Emma Kayder Artistry
TERINATION/CANCELLATION POLICY
BACKGROUND
The Parties are presently bound by the following contract (the "Contract") dated _____ day of _____________, 20____.
The Parties wish to terminate the Contract and resolve any and all rights and obligations arising out of the Contract.
IN CONSIDERATION OF and as a condition of the Parties entering into this Agreement and other valuable consideration, the receipt and sufficiency of which consideration is acknowledged, the Parties agree as follows:
Termination
By this Agreement the Parties mutually terminate and cancel the Contract effective on the _____ day of _____________, 20____.
Outstanding Obligations
The Parties acknowledge by this Agreement that the consideration provided and received by each other is fair, just and reasonable and that no further consideration, compensation or obligation will be due, payable or owing with regard to the Contract as of the execution date of this Agreement.
Release
By this Agreement the Parties release each other from any and all claims, causes of action, demands and liabilities of whatever nature which either Party had in the past, has now or may have in the future arising from or related to the Contract.
Confidentiality
The Parties acknowledge and agree that all parties to this Agreement will keep completely confidential the terms and conditions of this Agreement, the Contract and any financial, operational or confidential information of any kind not already public.
Governing Law
The Parties submit to the jurisdiction of the courts of the State of Western Australia for the enforcement of this Agreement or any arbitration award or decision arising from this Agreement. This Agreement will be enforced or construed according to the laws of the State of Western Australia.
Miscellaneous Provisions
Time is of the essence in this Agreement.

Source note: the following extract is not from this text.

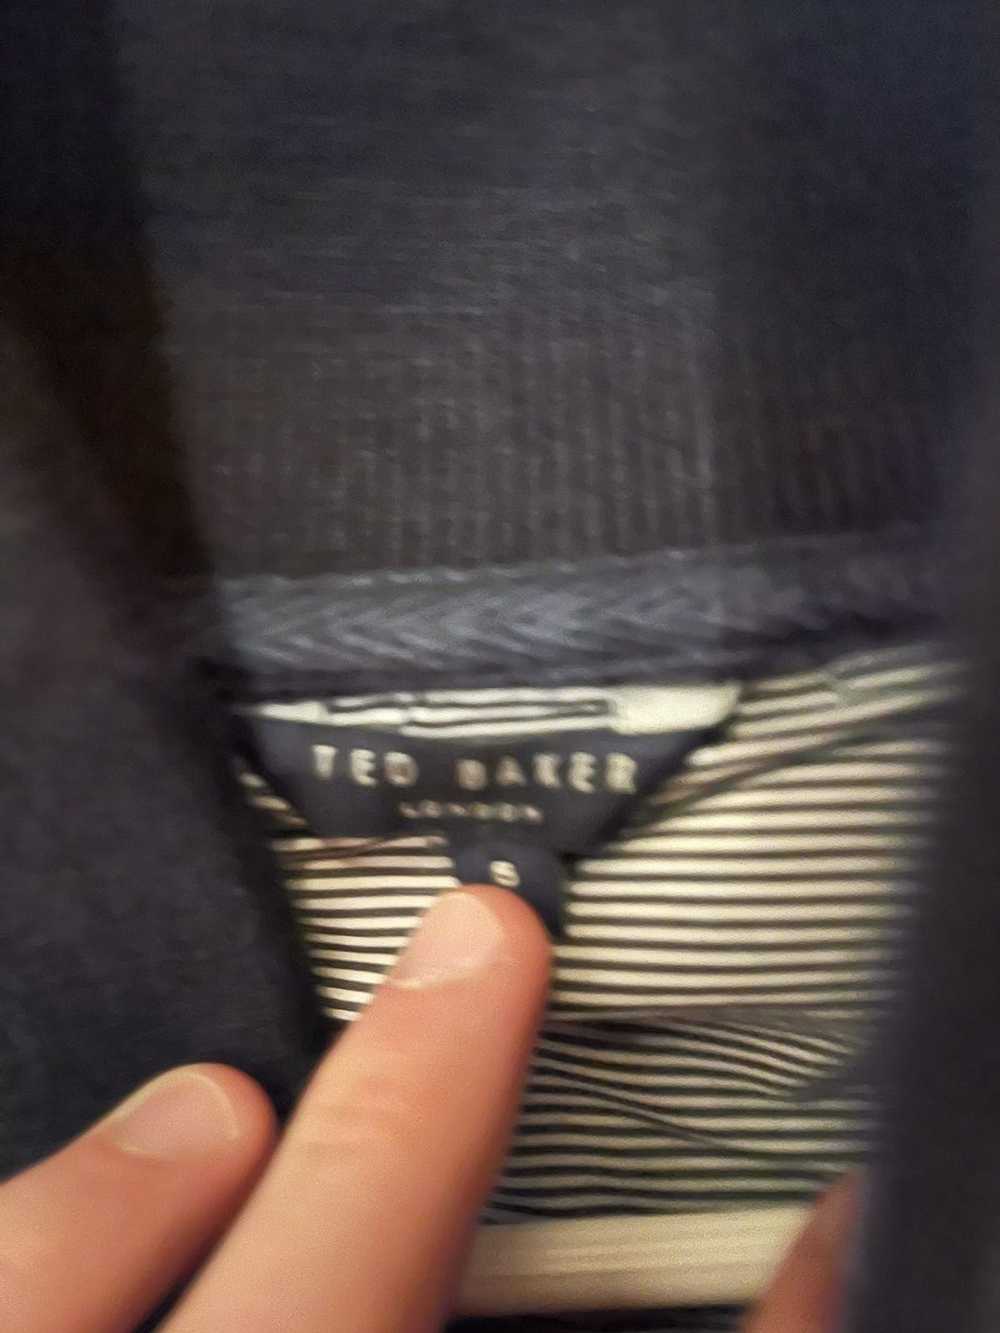 Ted Baker Ted baker sweater - image 2

This Agreement may be executed in counterparts. Facsimile signatures are binding and are considered to be original signatures.
This Agreement will not be assigned either in whole or in part by any party to this Agreement without the written consent of the other Party.
Headings are inserted for the convenience of the Parties only and are not to be considered when interpreting this Agreement. Words in the singular mean and include the plural and vice versa. Words in the masculine gender include the feminine gender and vice versa. Words in the neuter gender include the masculine gender and the feminine gender and vice versa.
If any term, covenant, condition or provision of this Agreement is held by a court of competent jurisdiction to be invalid, void or unenforceable, it is the Parties' intent that such provision be reduced in scope by the court only to the extent deemed necessary by that court to render the provision reasonable and enforceable and the remainder of the provisions of this Agreement will in no way be affected, impaired or invalidated as a result.
This Agreement contains the entire agreement between the Parties. All negotiations and understandings have been included in this Agreement. Statements or representations which may have been made by any Party in the negotiation stages of this Agreement may in some way be inconsistent with this final written Agreement. All such statements are declared to be of no value in this Agreement. Only the written terms of this Agreement will bind the Parties.
This Agreement and the terms and conditions contained in this Agreement apply to and are binding upon the Parties and their respective successors, assigns, executors, administrators, beneficiaries and representatives.
Any notices or delivery required in this Agreement will be deemed completed when hand-delivered, delivered by agent, or seven (7) days after being placed in the post, postage prepaid, to the Parties at the addresses contained in this Agreement or as the Parties may later designate in writing.
All of the rights, remedies and benefits provided by this Agreement will be cumulative and will not be exclusive of any other such rights, remedies and benefits allowed by law.